I see girls last tour, I upvote.

[–] MonkderVierte@lemmy.ml 9 points 1 month ago* (last edited 1 month ago) (1 children)

echo $PATH

And alias to be sure.

[–] rickyrigatoni@lemm.ee 3 points 1 month ago (2 children)

bash: echo: command not found

bash: alias: command not found

[–] Faresh@lemmy.ml 6 points 1 month ago* (last edited 1 month ago) (2 children)

echo and alias are both shell commands. If the shell is running (which it obviously still is), those commands should still work, as it does not involve reading data from disk, but from memory.

Edit: I just noticed the picture said cd was not found, which is also a shell built-in. So, I don't know.

[–] dko1905@discuss.tchncs.de 4 points 1 month ago

Just tested it in a container. The original screenshot is wrong:

screenshot of them being wrong

[–] joe_cool@lemmy.ml 4 points 1 month ago

Why would somebody lie on the internet?

[–] MonkderVierte@lemmy.ml 1 points 1 month ago* (last edited 1 month ago)

(╯°□°)╯︵ ┻━┻

Switch your calculator with a computer. Try again.
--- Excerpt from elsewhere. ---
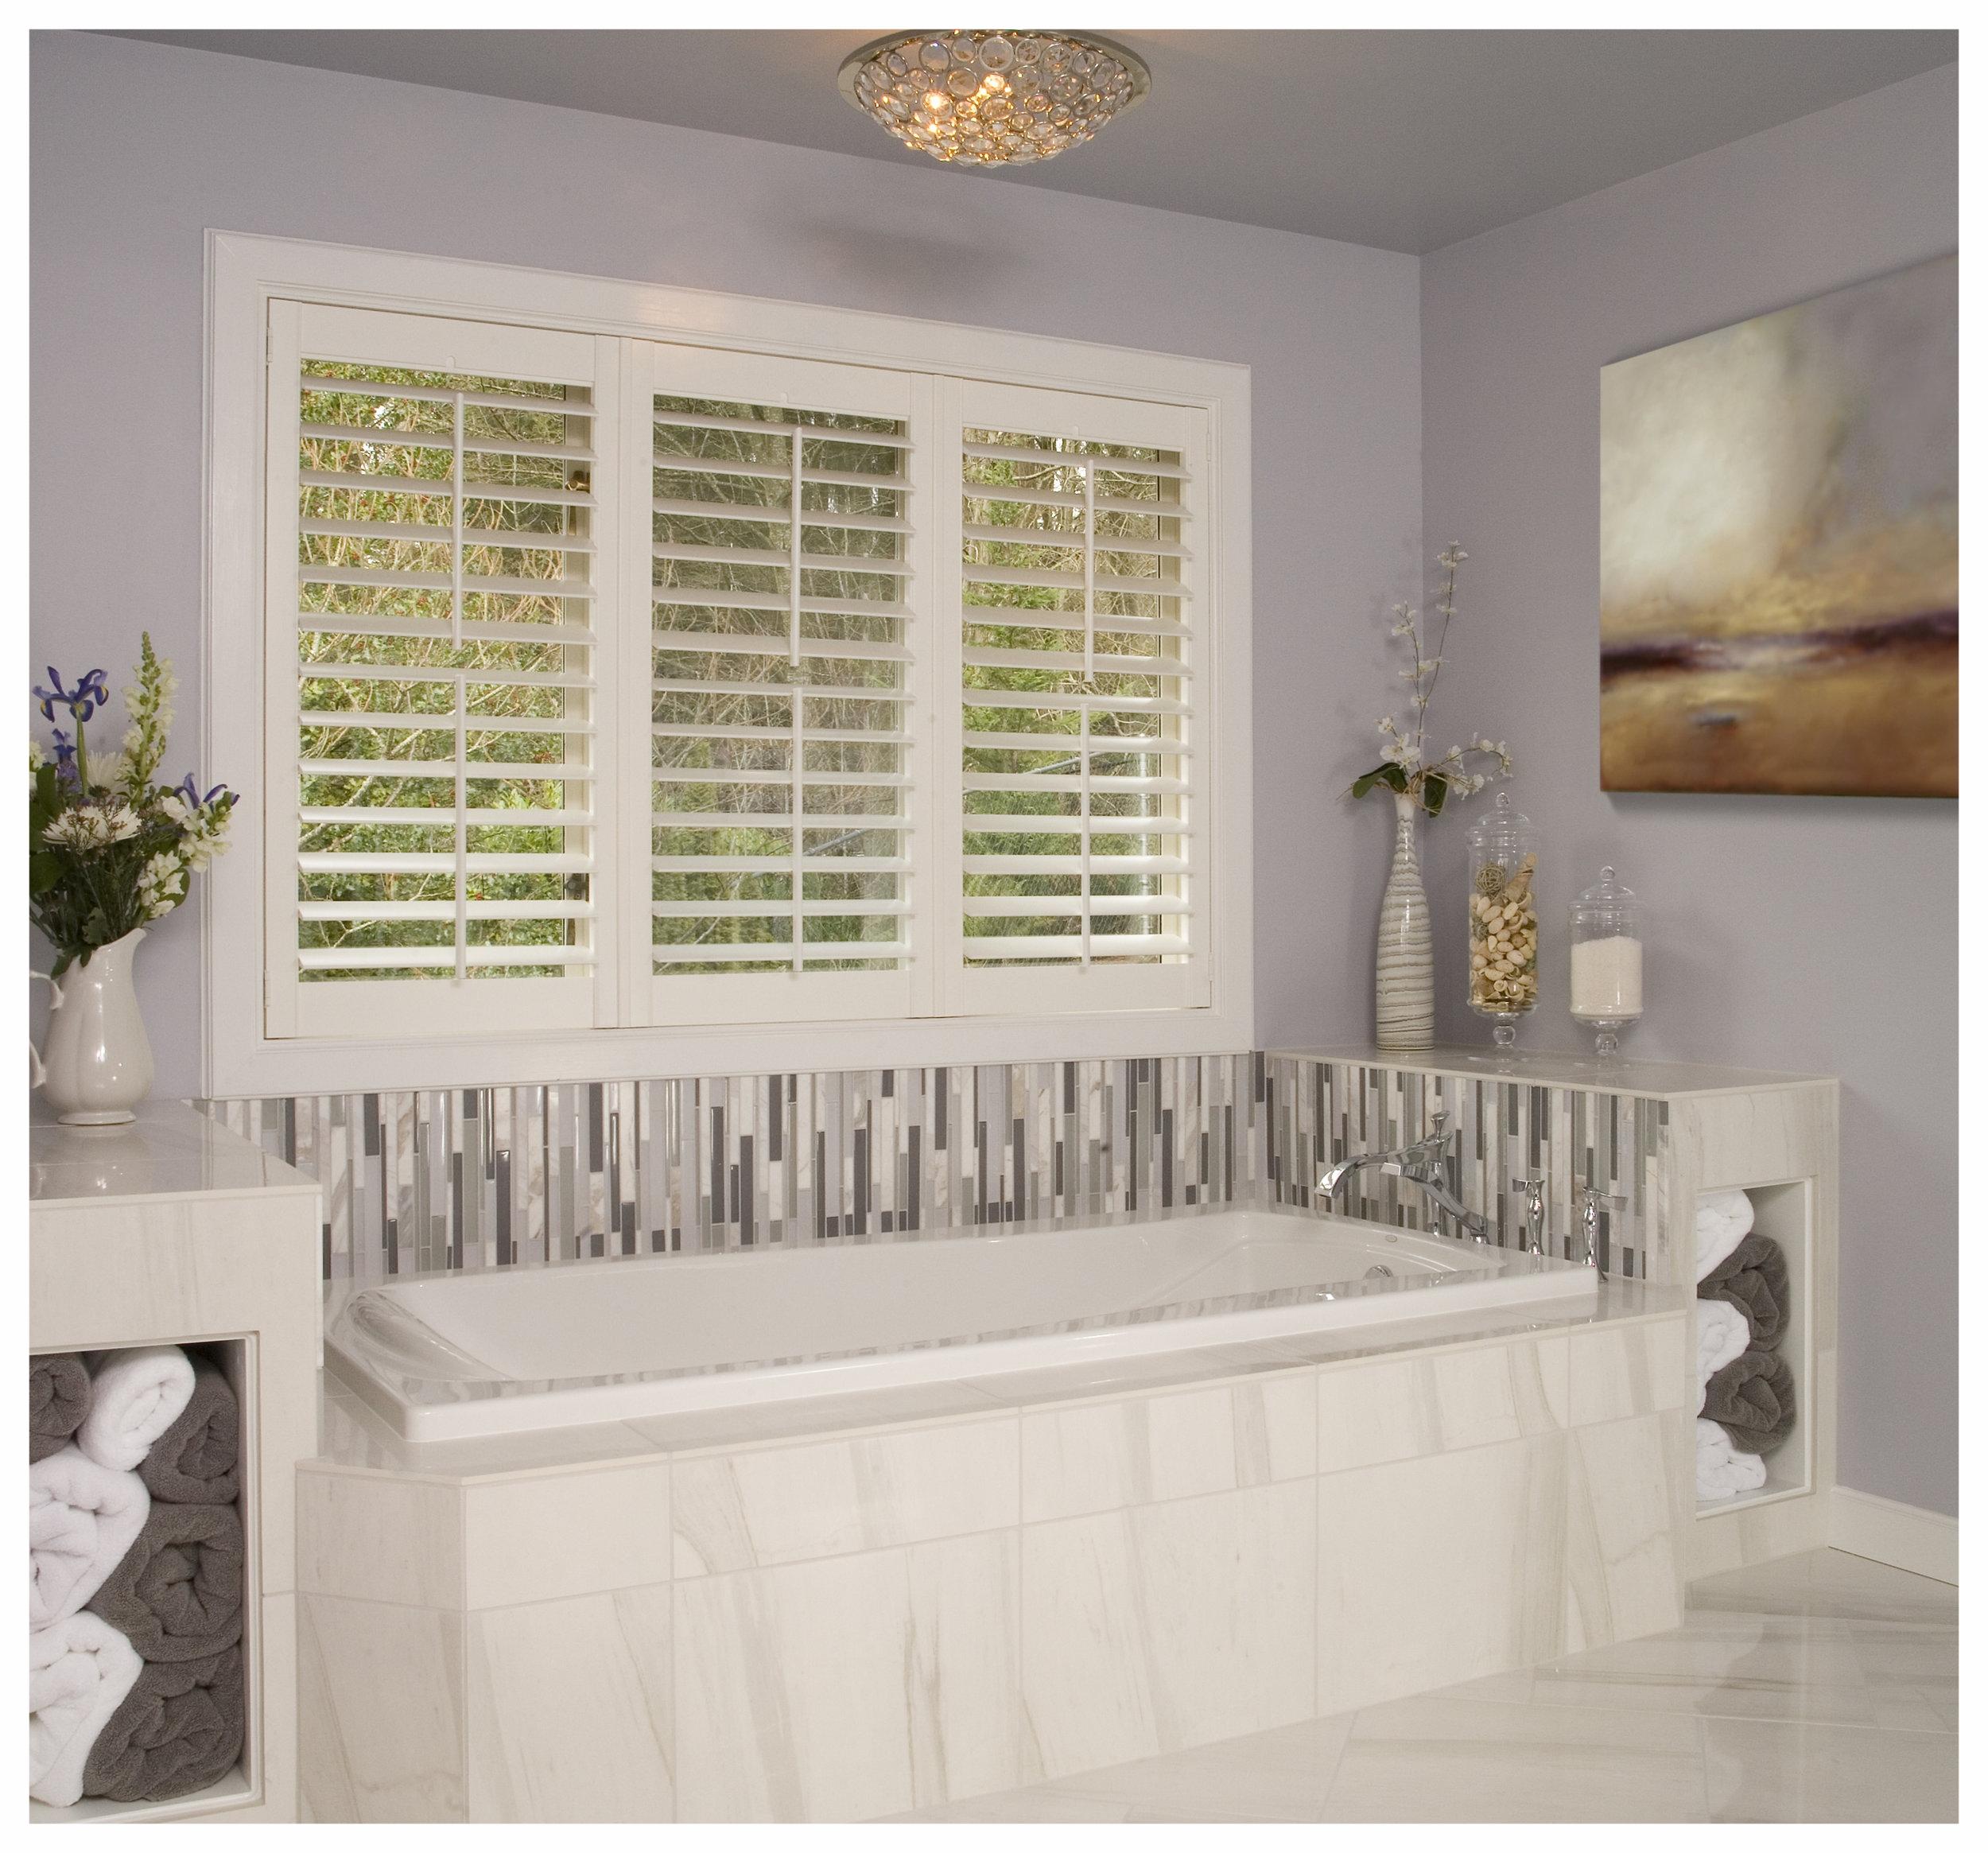 Redmond Traditional Master Bath 4.jpg

[–] 0x0@programming.dev 8 points 1 month ago

Empty $PATH.

[–] aniki@discuss.tchncs.de 7 points 1 month ago (1 children)

This isn't programming, just someone who sucks at bash.

[–] zero_spelled_with_an_ecks@programming.dev 6 points 1 month ago (1 children)

How else are you going to open your files in nano to do the programming on the prod server?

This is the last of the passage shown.